Remember how your Mom used to yell at you at the dinner table to stop slouching? She was right. I bet she wouldn’t like the way you sit at your desk either.
A study by Canon UK found that the average desk dweller sits in their chair the equivalent of 34 weeks per year. That is not a typo. A number of people think that buying a $900 chair makes this OK. It probably helps, but it does not compensate for the effects of sitting, especially when you add bad posture to the mix.
You have muscles that run from your low back to the upper part of your legs called psoas, also known as hip flexors. They are what allow you lift your knee up (hip flexion). Try that movement right now and notice what it mimics: your legs in the sitting position. So, if you were to maintain this position for 5-6 hours per day, the muscles naturally begin to shorten and you lose flexibility.
Shortened hip flexors can cause you to lean forward when standing, which places undue pressure on your lower back as well as other arthokinematic distortions. Click here to see a detailed video of the mechanics of how this works. Your body will compensate for it, but not always in a way that is beneficial to you.
There are a few things you can do to help alleviate this common office warrior issue:
- Stand up at least once per hour and stretch for 2-3 minutes. One of the best stretches you can do in the office is the following:
- Stand with your feet shoulder width apart, toes pointed straight ahead, left foot about 18 inches in front of you.

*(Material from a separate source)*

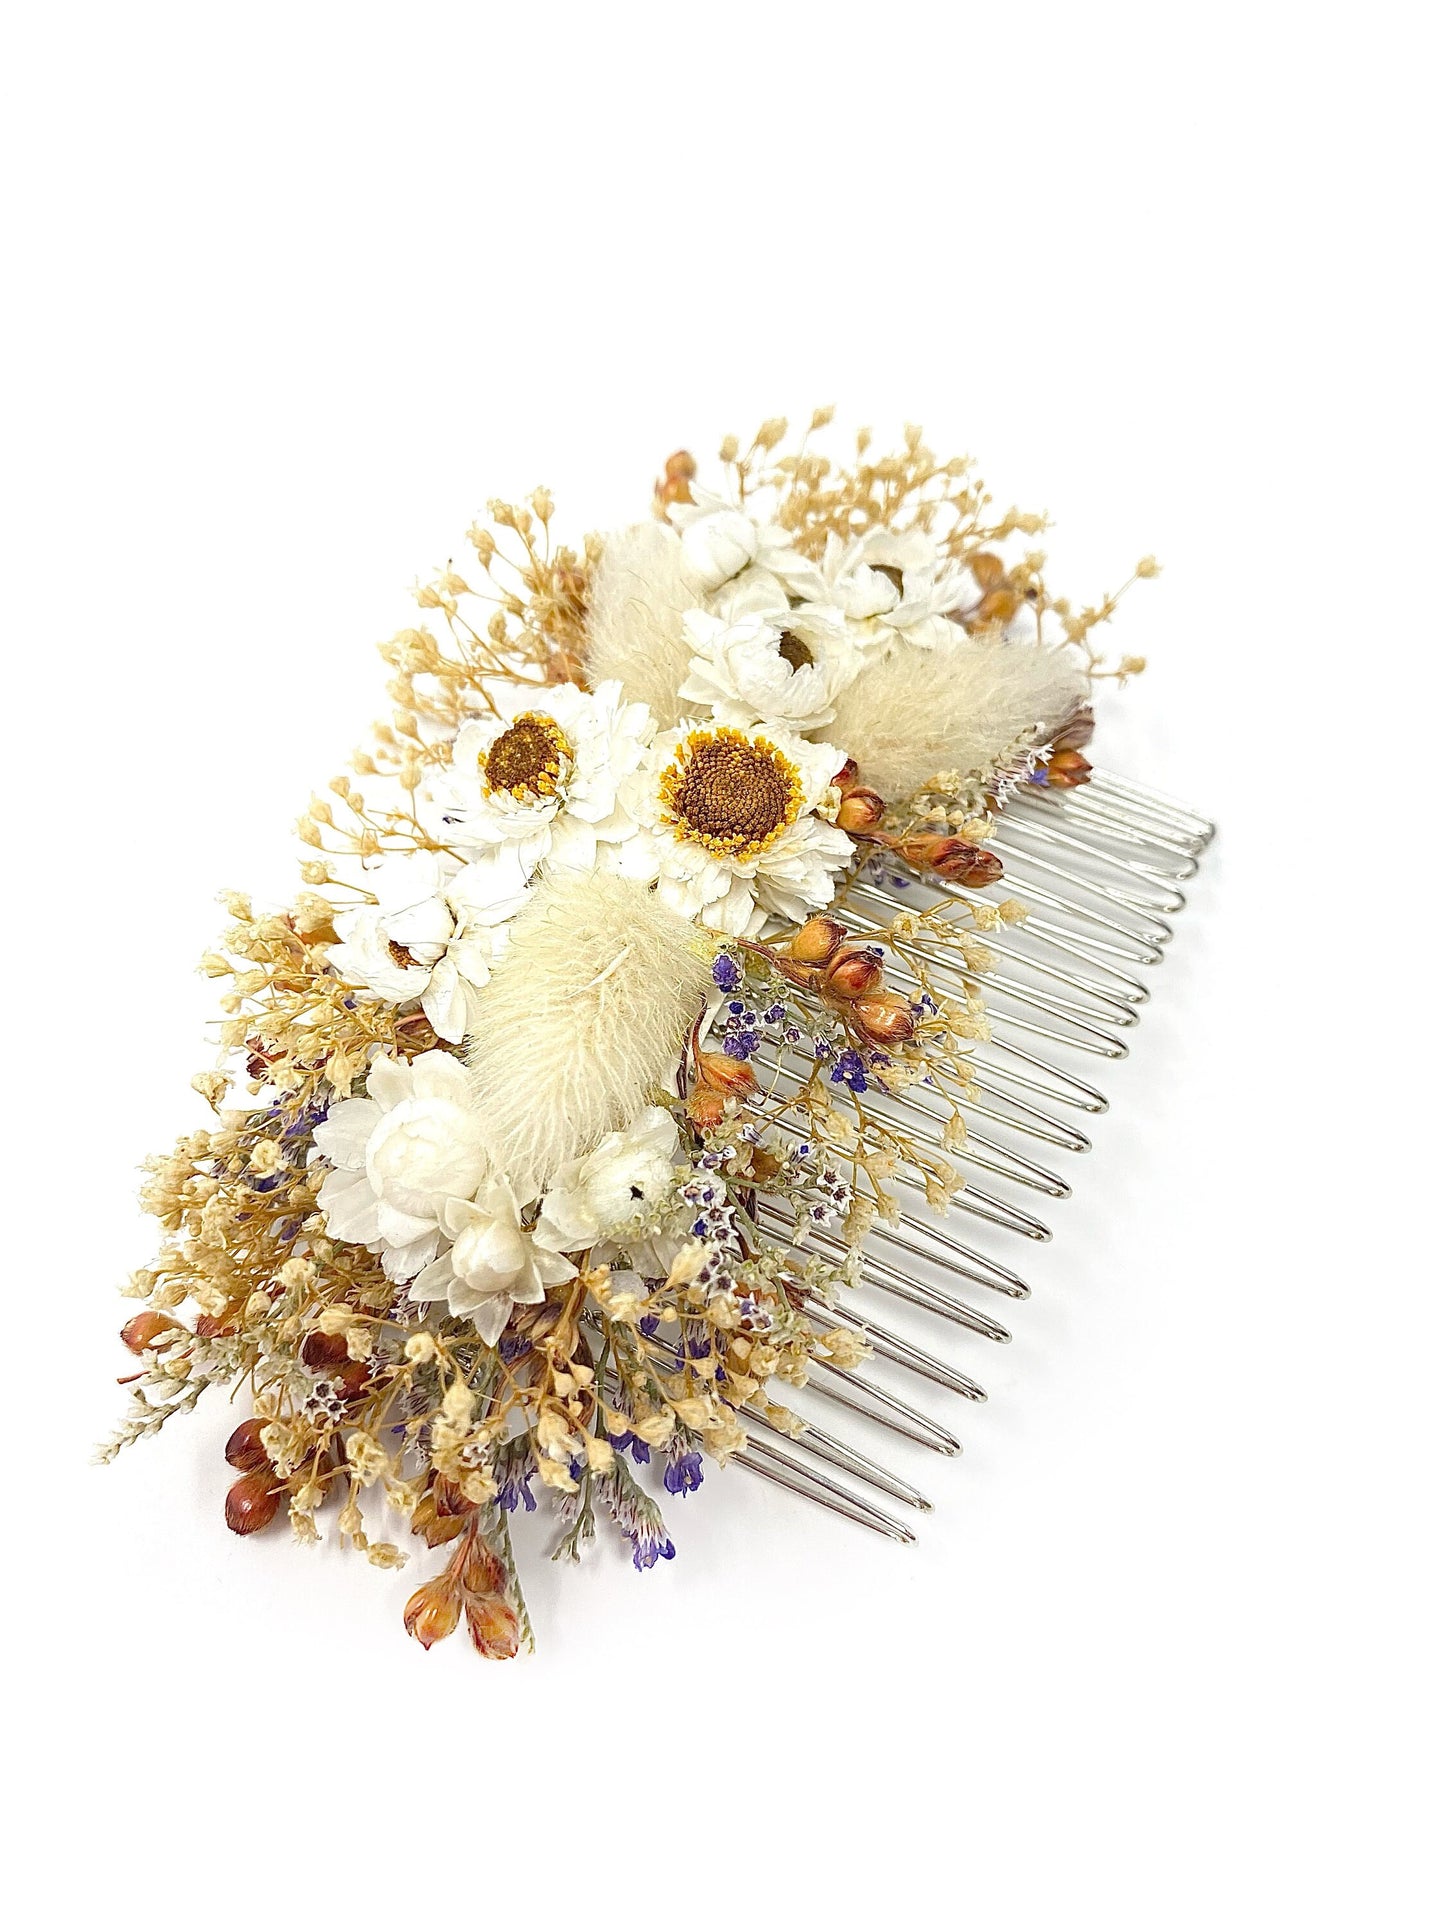 Hair Comb, Dried Flowers, Hair Pins, Bridal, Hair Accessories, Wedding Accessories, Ammobium, Bunny Tails, Preserved Floral, Caspia

- Reach up as high as you can with your right arm
- Bend as far as you can to the left with your arm still extended
- Slightly twist back to your left and hold for 20-30 seconds
- Repeat for the other side, do this 2 times on each side
- Try to strengthen the opposing muscles in your back: the erector spinae. You can do this by doing back extensions on a Swiss ball or a prone cobra core exercise
- Think about working part of the day from a stand-up desk or worktable
- Make sure when you workout that you are not making the problem worse by always doing seated exercises (stationary bike, any seated resistance machine, etc.)
Take care of your posture. Make Mom proud.